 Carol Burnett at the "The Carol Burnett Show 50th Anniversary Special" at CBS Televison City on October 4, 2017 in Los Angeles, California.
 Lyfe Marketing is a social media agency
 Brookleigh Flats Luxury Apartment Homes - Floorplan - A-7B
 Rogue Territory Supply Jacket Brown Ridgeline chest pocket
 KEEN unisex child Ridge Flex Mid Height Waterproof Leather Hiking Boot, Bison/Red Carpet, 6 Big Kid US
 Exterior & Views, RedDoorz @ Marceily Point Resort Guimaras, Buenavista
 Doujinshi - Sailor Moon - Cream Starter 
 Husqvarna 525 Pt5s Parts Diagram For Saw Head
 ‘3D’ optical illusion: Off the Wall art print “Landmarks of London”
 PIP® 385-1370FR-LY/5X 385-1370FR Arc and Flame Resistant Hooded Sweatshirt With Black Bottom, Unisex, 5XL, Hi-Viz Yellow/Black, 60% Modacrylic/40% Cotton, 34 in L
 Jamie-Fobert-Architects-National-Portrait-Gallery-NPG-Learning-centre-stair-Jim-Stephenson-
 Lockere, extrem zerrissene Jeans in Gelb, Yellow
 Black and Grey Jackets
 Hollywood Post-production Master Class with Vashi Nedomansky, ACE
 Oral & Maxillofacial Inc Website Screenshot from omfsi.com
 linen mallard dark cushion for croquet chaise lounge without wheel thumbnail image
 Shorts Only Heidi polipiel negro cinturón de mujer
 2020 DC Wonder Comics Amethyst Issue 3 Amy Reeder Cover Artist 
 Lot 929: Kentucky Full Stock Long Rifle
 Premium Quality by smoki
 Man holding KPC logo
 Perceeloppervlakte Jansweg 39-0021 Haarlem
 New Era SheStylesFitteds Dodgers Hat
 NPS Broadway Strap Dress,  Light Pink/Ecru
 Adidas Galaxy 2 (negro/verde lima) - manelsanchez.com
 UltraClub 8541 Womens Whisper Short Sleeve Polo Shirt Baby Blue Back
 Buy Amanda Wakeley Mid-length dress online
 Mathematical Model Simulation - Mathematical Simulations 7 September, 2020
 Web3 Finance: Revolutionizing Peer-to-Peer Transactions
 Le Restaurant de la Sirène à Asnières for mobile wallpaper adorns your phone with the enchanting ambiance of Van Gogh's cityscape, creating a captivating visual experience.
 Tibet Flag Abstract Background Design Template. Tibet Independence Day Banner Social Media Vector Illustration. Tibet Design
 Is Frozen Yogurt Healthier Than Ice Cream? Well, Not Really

**Prompt**
Looking back over the listing above, how many lines include the word "Cream"? Give the number and nothing more.

**Output below**
2